New Kid on the Block
Every four years I prepare an article on important revisions to the USGA Handicap System. The article coincides with the quadrennial changes that occur as the USGA refines and modifies the system based upon research, user input and advancements in technology.
Some of the changes during my tenure have been profound (T-score reduction process), others controversial (Internet score posting). This year’s changes are neither, but merit explanation.
The first involves the USGA’s decision to require all golf clubs in the United States to become “licensed” to issue a Handicap Index.
What does this mean?
Basically it is “legalese” for, “every four years your club will have to fill out some minimal paperwork verifying that you are issuing handicaps properly.”
Beneath the surface, however, this step is significant.
In recent years, hundreds of websites have surfaced offering to perform handicap calculations and purporting to issue “official” handicaps. In reality, these handicaps are not official.
There is a lot more to a handicap than just math. And not every handicap earns the right to be designated as a Handicap Index. There have to be checks and balances in place to ensure that scores are posted properly and that handicaps are accurate . . . in other words, there has to be a club in which the members know each other and have an opportunity to play golf with each other. Collectively known as “peer review,” such elements compose the backbone of handicapping.
Many websites represent collections of strangers living hundreds or thousands of miles apart with no knowledge of each other and no peer review¾yet they claim authenticity. Such claims tend to weaken or dilute the meaning of what is a true Handicap Index. The licensing program, in effect, identifies the contenders and weeds out the pretenders.,/
The licensing agreement consists of a checklist of handicapping requirements. Clubs must be able to verify each statement in the affirmative¾anything less than a perfect score indicates non-compliance.
One recent checklist addition is a requirement that a club representative has successfully completed an accredited Handicap Seminar. It seems that the success of the NCGA Handicap Certification Program (and that of other associations) has not gone unnoticed and now represents an important component of handicapping.
What does all this mean to an individual golfer?
Not much. But you can rest comfortably, secure in the knowledge that every club issuing a Handicap Index is exercising the same level of care and diligence as your own club.
The second major change for 2006 involves the definition of a golf club and illustrates how the Handicap System adapts to an ever-changing world.
In prior years, there was a single, broad, all-encompassing definition of a golf club in place. Beginning in 2006, golf clubs are now broken down into three varieties or types.
Type 1s are the traditional golf clubs that play out of a particular golf course. In NCGA terms¾regular clubs.
Type 2s are clubs without real estate where the members are known to each other via business, fraternal, ethnic or social organization. This is the associate club program that the NCGA has championed for years.
Type 3s are a brand new club designation in which the membership, in general, has no prior affiliation and where the recruiting and enrollment of members is performed by solicitation to the general public (via Internet, newspaper, etc.). At first glance, these clubs resemble the website clubs I referenced above, but with some pronounced distinctions which will be obvious as the NCGA enters into the Type 3 arena.

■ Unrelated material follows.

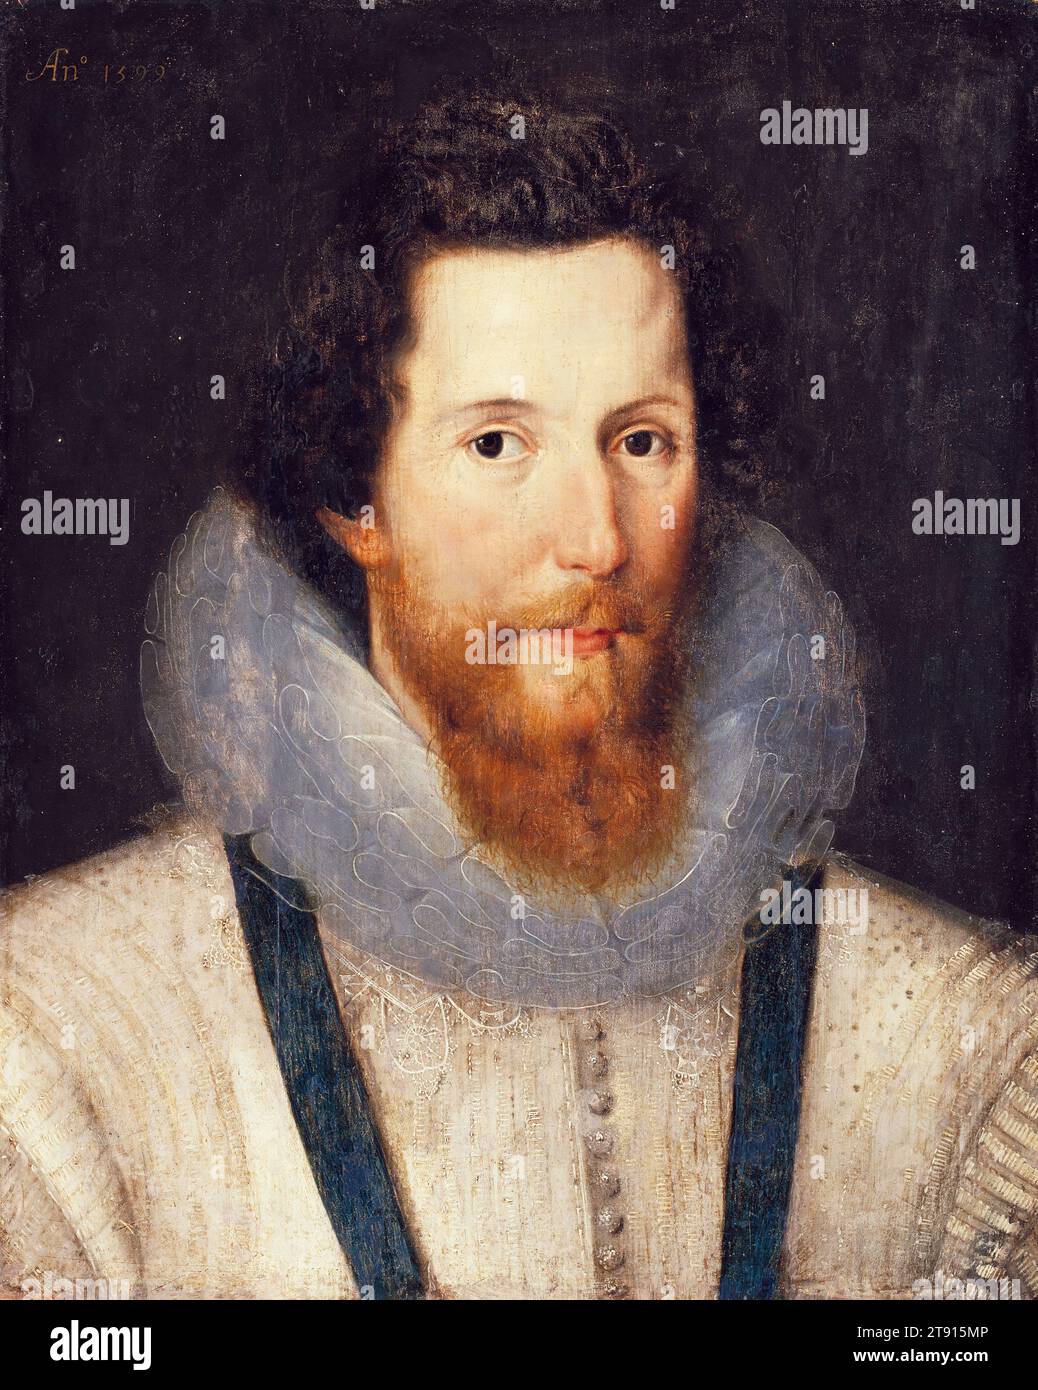 Porträt von Robert Devereux, 2. Earl of Essex, 1599, Studio von Marcus Gheeraerts the Younger, Flämisch, 1561/62–1636, 19 1/2 x 15 1/2 cm. (49,53 x 39,37 cm), Öl auf Platte, England, 16. Jahrhundert, der Earl of Essex war ein englischer Adliger und ein Favorit von Königin Elisabeth I. Politisch ambitioniert und ein engagierter General, wurde er nach einem schlechten Feldzug in Irland während des Neunjährigen Krieges 1599 unter Hausarrest gestellt. 1601 führte er einen gescheiterten Staatsstreich gegen die Regierung an und wurde wegen Hochverrats hingerichtet Stockfoto
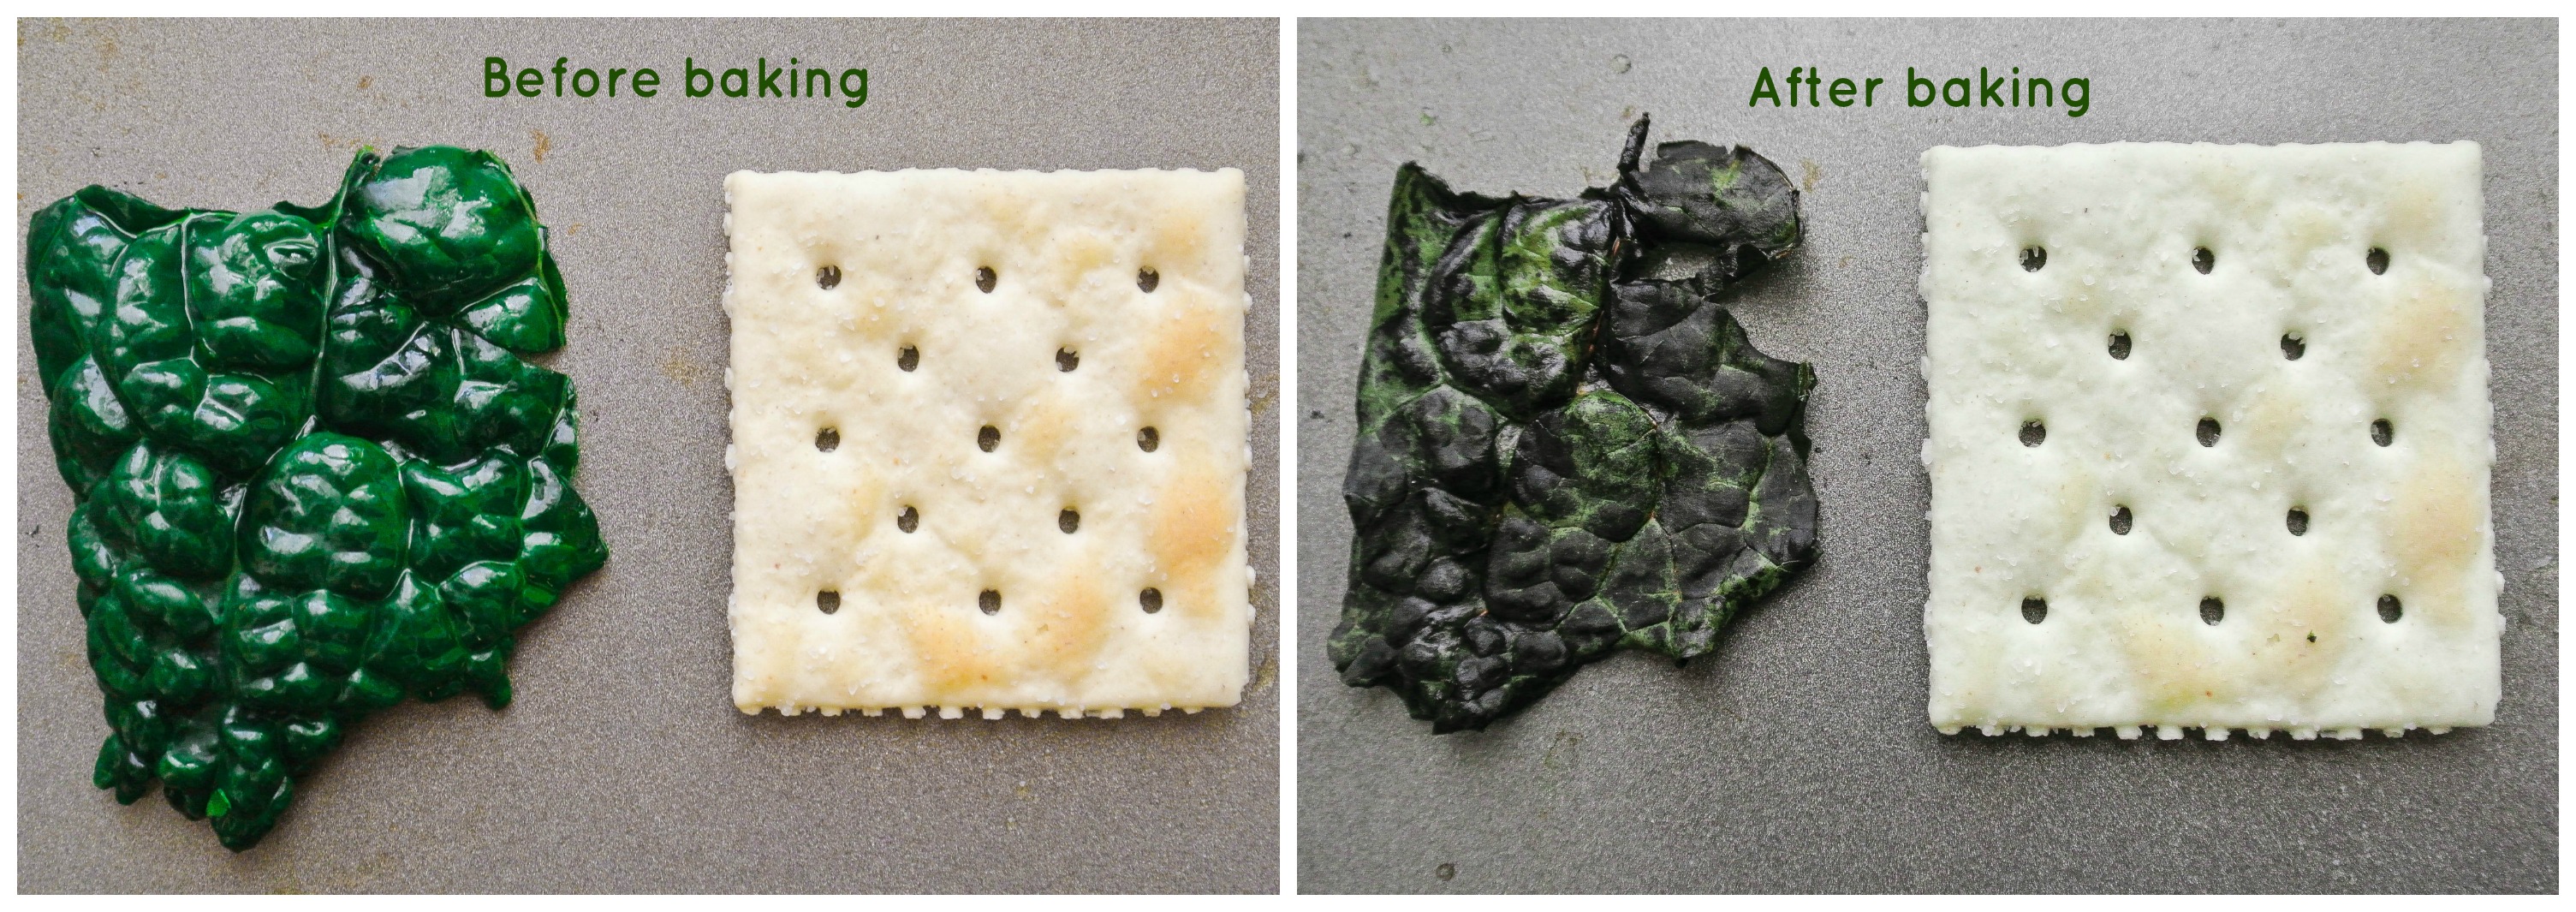 Satine comparison - Kale chips

For Type 1 and Type 2 clubs, peer review is somewhat natural. After all, Type 1 clubs have the advantage of a golf course that draws the members together and allows them to interact, and the members of Type 2 clubs are typically known to each other both on and off the course in business or social settings.
For Type 3 clubs, peer review will prove more challenging. I have often described the role of the NCGA as that of a dating service in establishing Type 3 clubs. For the most part, we are bringing strangers together and making initial introductions. It is then up to these individuals to take the necessary steps to transform this diverse collection of golfers into an authentic club that plays together and practices peer review. Because of these unique challenges, Type 3 clubs will be held to a higher peer-review standard than Type 1 or 2 clubs. Members will be required to post a minimum of three rounds per year with fellow members including one round in a club-sponsored event.
The key to Type 3 success will be an NCGA/GHIN-supplied interactive website where individuals can join on the spot, log-in and out at their convenience, sign up and pay for club tournaments, seek out fellow members for games, log their round stats, etc. Each website is easy to access and easy to administer. In the long run, the NCGA expects to open Type 3 sites in all metropolitan areas in an effort to attract brand new members, and in the long run, pass them on to existing Type 1 and 2 clubs.
So how does Type 3 impact existing clubs?
It should have little to no effect as we are targeting golfers who will be brand new to the NCGA. One significant by-product of all this effort is the same interactive website platform infrastructure being developed for the Type 3 clubs will be made available to any and all NCGA clubs. Just imagine the possibilities for your club!
Type 3 will be a win-win for all NCGA clubs!